Within the Deep Web, the Dark Web is also growing as new tools make it easier to navigate. Because individuals may access the Dark Web assuming little risk of detection, they may use this arena for a variety of legal and illegal activities. It is unclear, however, how much of the Deep Web is taken up by Dark Web content and how much of the Dark Web is used for legal or illegal activities. In a recent analysis of the dark web by Secure list, many of these sites had a short lifespan. Most dark web sites were active for at least 200 days, but usually not more than 300 days. Some were online for less than two months. 1 The dark web does take some level of technical sophistication to access. It’s not just a matter of downloading the Tor browser and typing in a URL, so people need to put in some effort in order to gain entry.
What is Tor?
Few Internet technologies have had more of an impact on anonymous Internet use than The Onion Router browser, commonly known as “Tor,” Tor is simply an Internet browser modified from the popular Firefox Internet browser. The browser modifications hide the user’s originating Internet Protocol (IP) address when surfing websites or sending e-mail.
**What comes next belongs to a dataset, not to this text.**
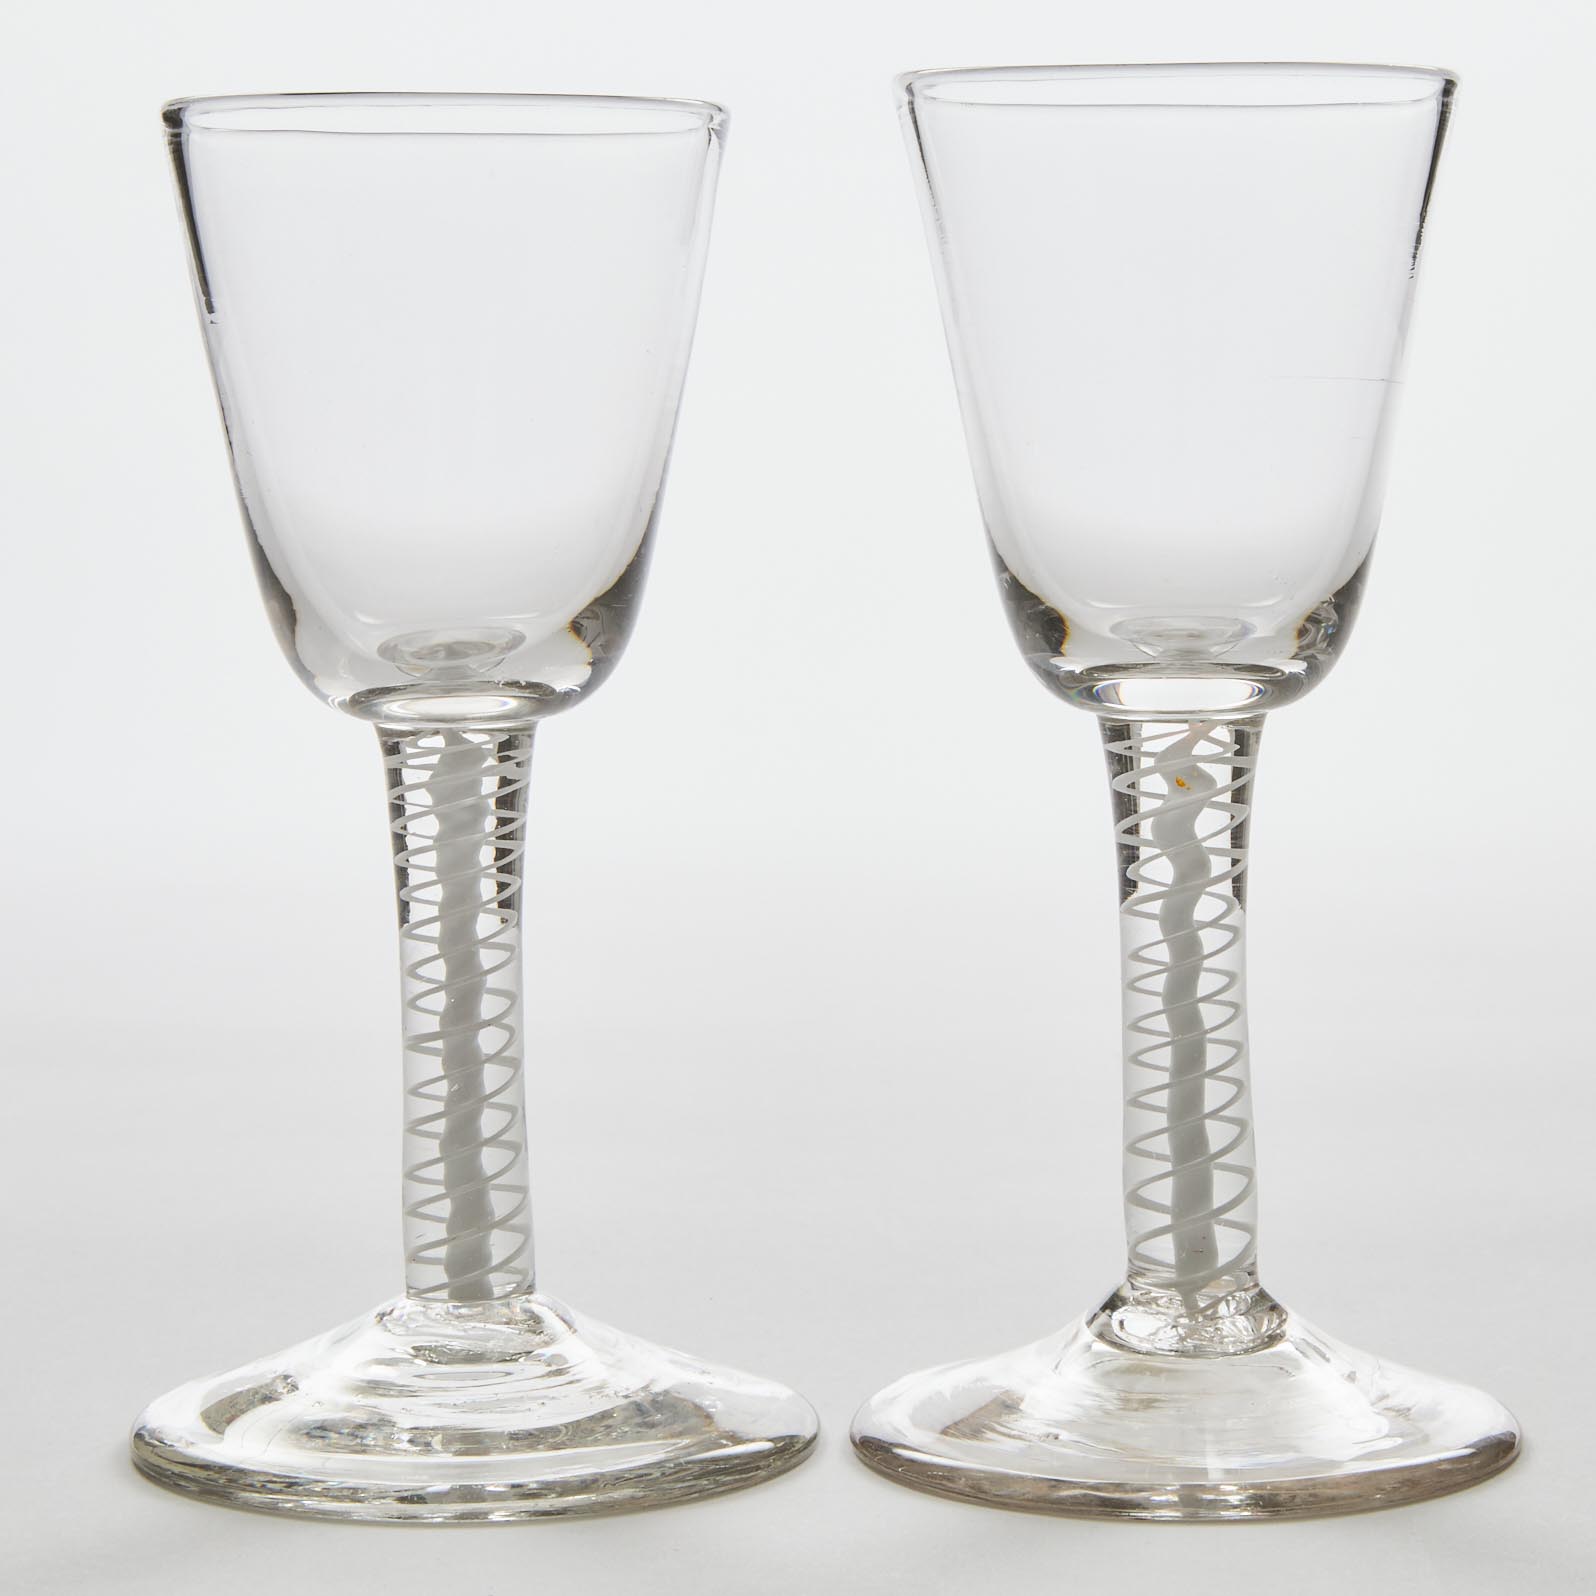 Pair of English Opaque Twist Stemmed Wine Glasses, c.1760-80
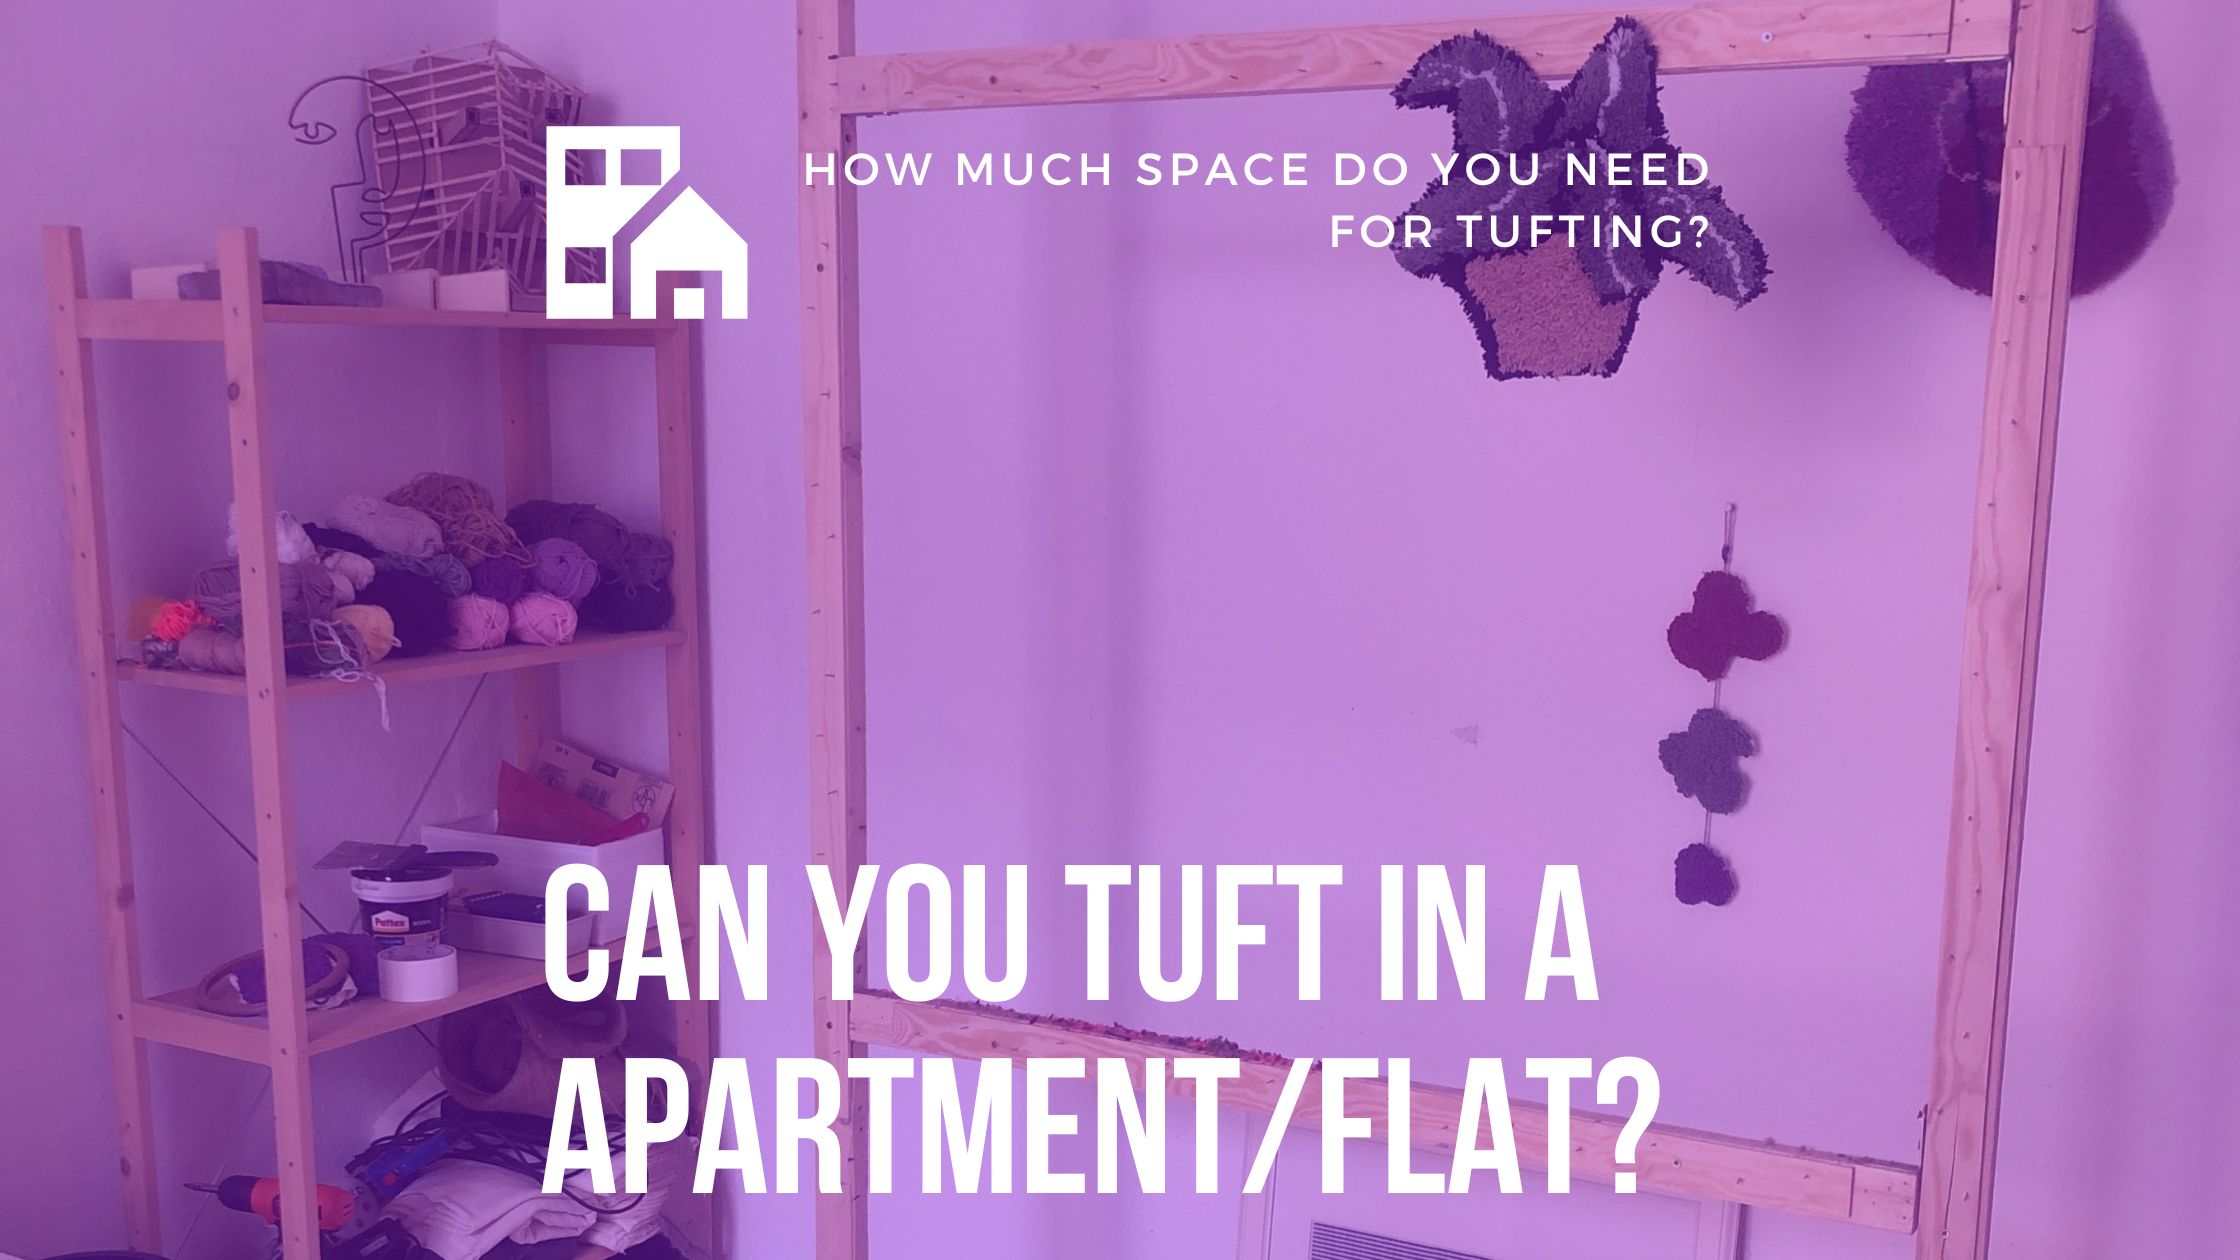 Can You Tuft In Your Apartment/Flat?

By hiding the true IP address of the user, attempts to trace or identify the user are nearly impossible without the use of extraordinary methods. In other words Tor stands for “the onion router” and is a method for anonymizing data. It actually refers to two things—the network and the browser. The network constitutes a large number of volunteer computers that run a specialized server application. The browser enables users to both hide their identity behind anonymizing software and access special services only available through the Tor browser. Run by activists who are dedicated to privacy and anonymity, the Tor Project is a non-profit organization that supports the network and develops the software. The technology upon which Tor is based (.onion) was developed back in the 1990s by the U.S. Navy in order to protect intelligence communications. Today, the U.S. government, specifically the U.S. Department of State Bureau of Democracy, Human Rights and Labor, remains a major funder of the Tor Project.
How does it work?
The technology behind Tor is open source, which means that programmers and experts can see into the source code. Unlike some virtual private networks (VPN), Tor does not have a commercial stake in collecting user data and they are committed to remaining non-profit. More than 17.5 million downloads of Tor have been recorded to date. Despite its anonymizing mechanics, Tor is certainly not completely untraceable. For example, if you access sites on the surface web from the Tor browser, you can still be identified. And due to its layered, anonymizing technology, the Tor browser is a little slower than your normal connection.
Who uses Tor?
The Tor Project claims that more than 2 million people use Tor daily. But despite the reputation of the dark web as being a haven for criminal activity, a recent survey concluded that only 45% of .onion sites appear to host illegal activity. And it’s not as vast as some people have made it out to be. While the surface web hosts billions of different sites, it is estimated that Tor hidden sites number only in the thousands, perhaps tens of thousands but no more. Therefore, we can conclude that its reputation for being a place where criminals go to hang out is not entirely accurate—or at the very least, not a complete picture of the situation.
In fact, many use Tor for perfectly legitimate purposes. Activists from countries that suppress freedoms, journalists looking to protect their sources and even law enforcement and the military use Tor to establish secure communications, avoid surveillance and get around censorship. In countries where Facebook is banned, Tor has even launched a hidden version of the site where more than 1 million users can access the social networking platform.
Many also think that merely downloading the Tor browser is a sign of criminal activity. While law enforcement and intelligence authorities may monitor Tor downloads, it is not illegal to do so, although some countries do view it as a signal of possible nefarious activity.